Please reproduce the records below exactly, omitting any pictures they contain.
Task material Block Start
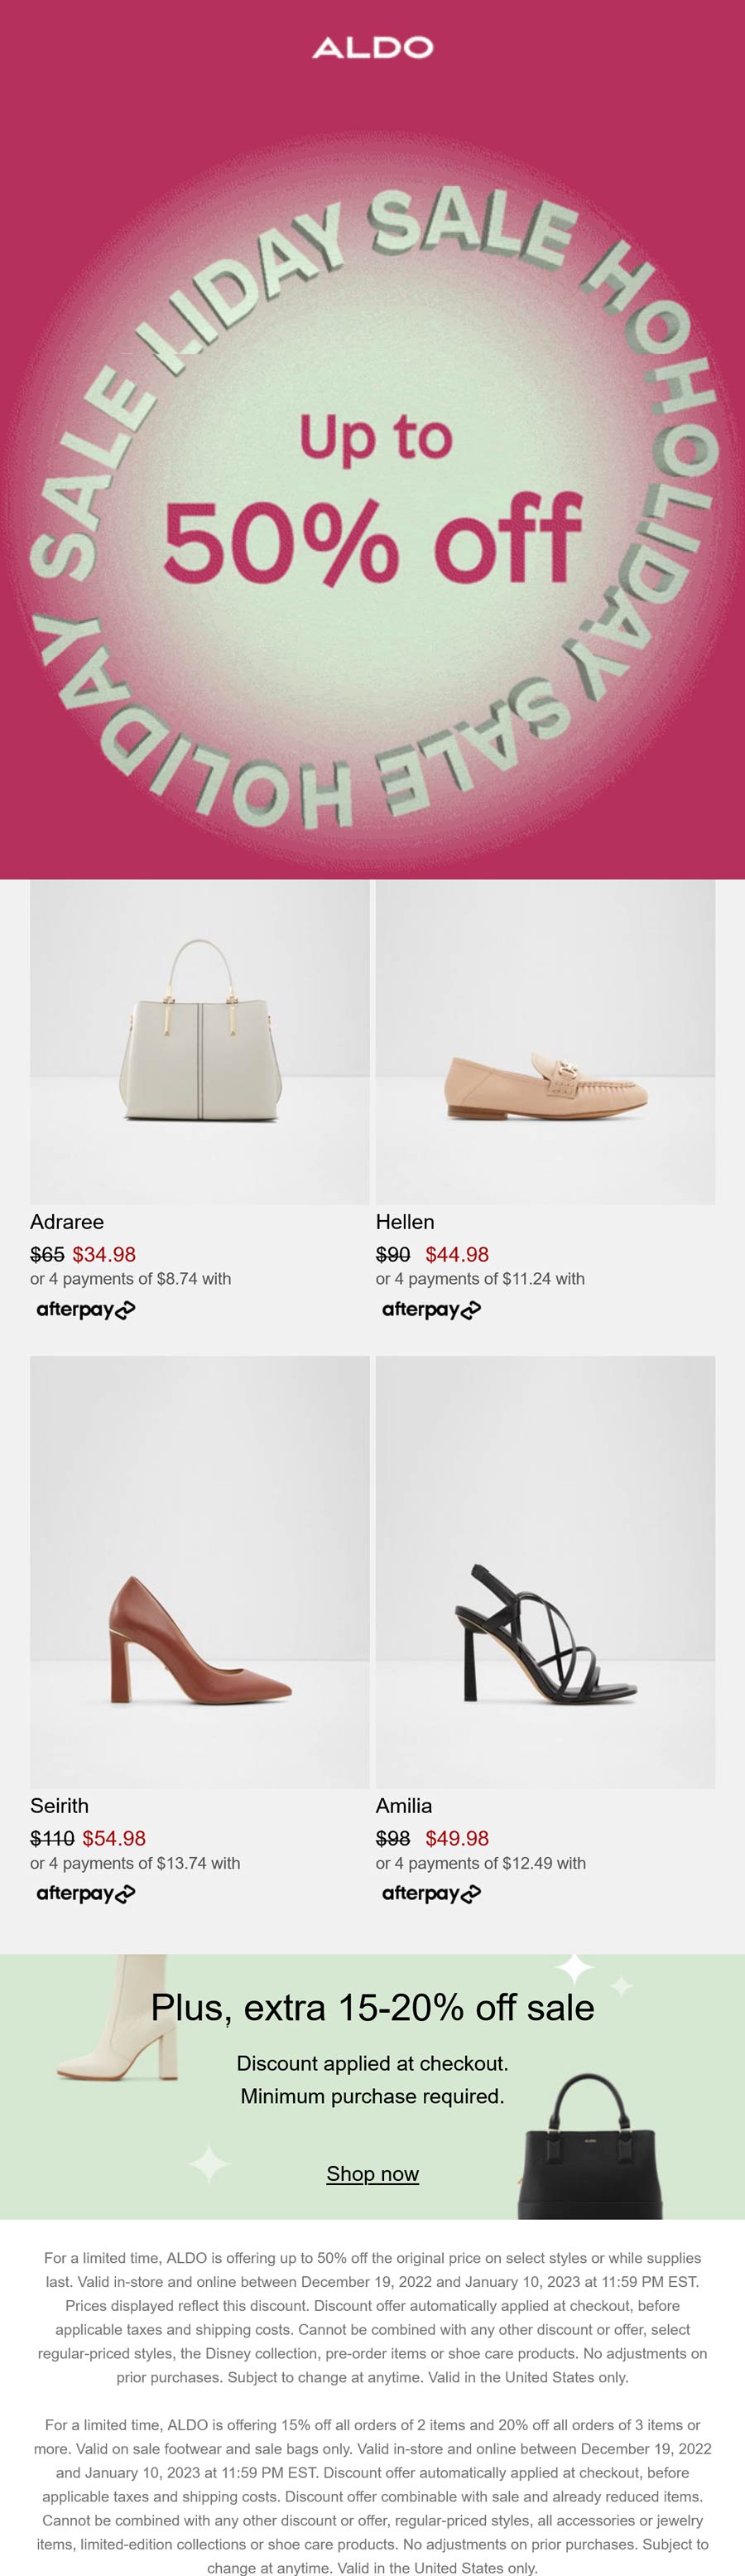 Aldo coupons & promo code for [January 2023]
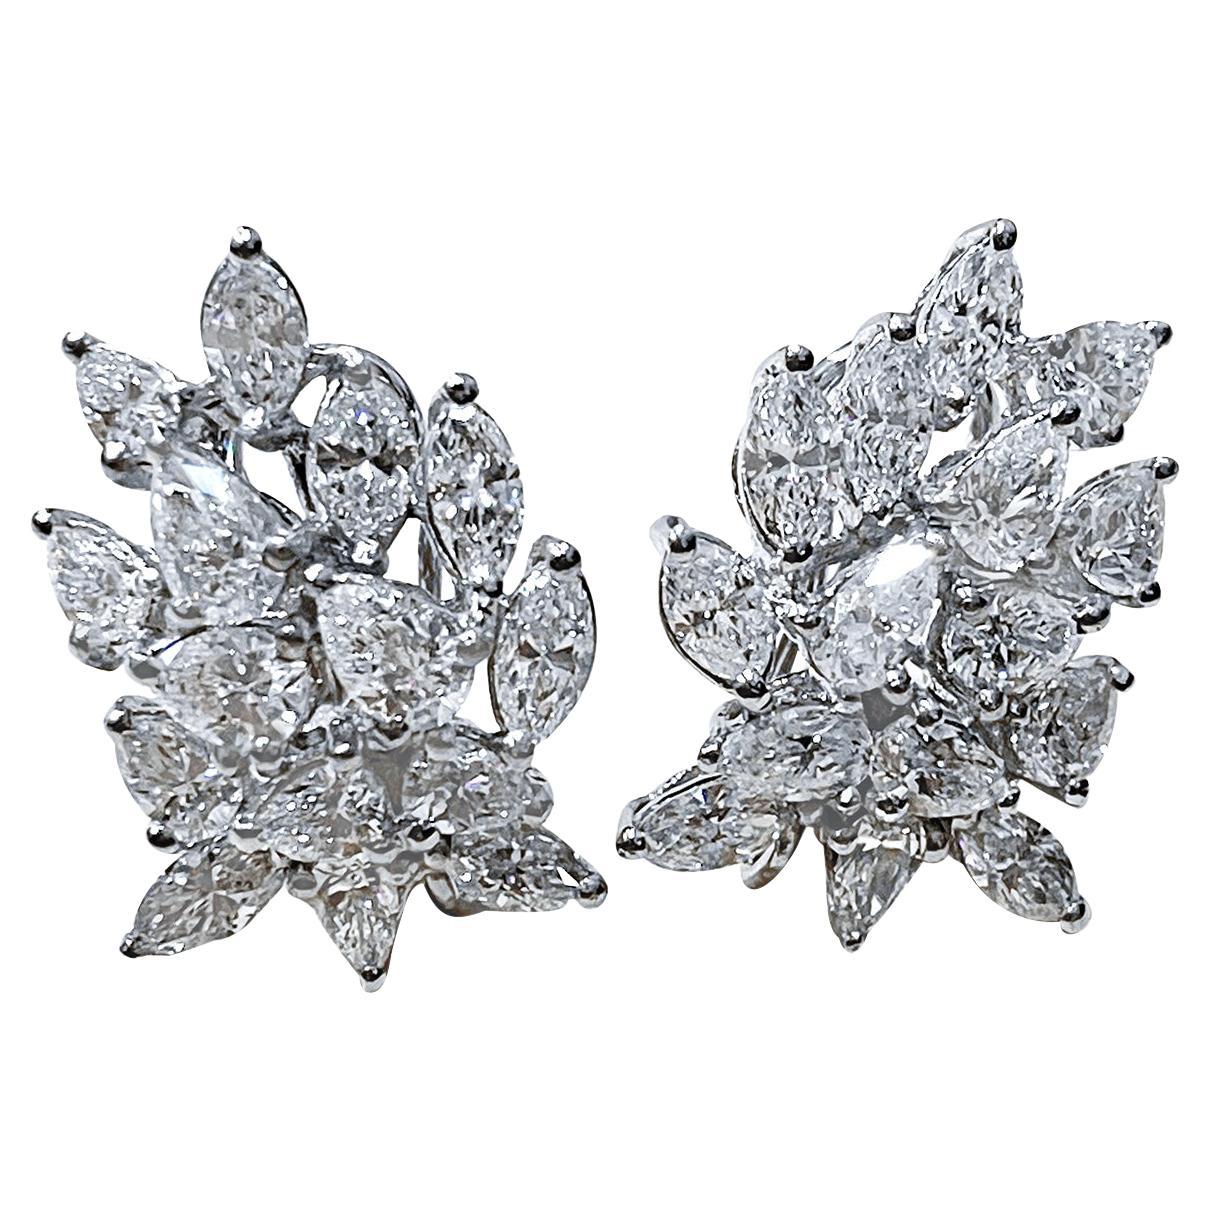 1960's Platinum And Diamond earrings 
weight of platinum 24.6 Gm
15  diamonds in each earring 
Total 30 diamonds.
There are Marquise shape diamonds and Pear shape diamonds.
 Total weight of the d1amonds is approximately weight 20 Ct

total weight of
Task material Block End
Output of the task
 Aldo coupons & promo code for [January 2023]
 1960's Platinum And Diamond earrings 
weight of platinum 24.6 Gm
15  diamonds in each earring 
Total 30 diamonds.
There are Marquise shape diamonds and Pear shape diamonds.
 Total weight of the d1amonds is approximately weight 20 Ct

total weight of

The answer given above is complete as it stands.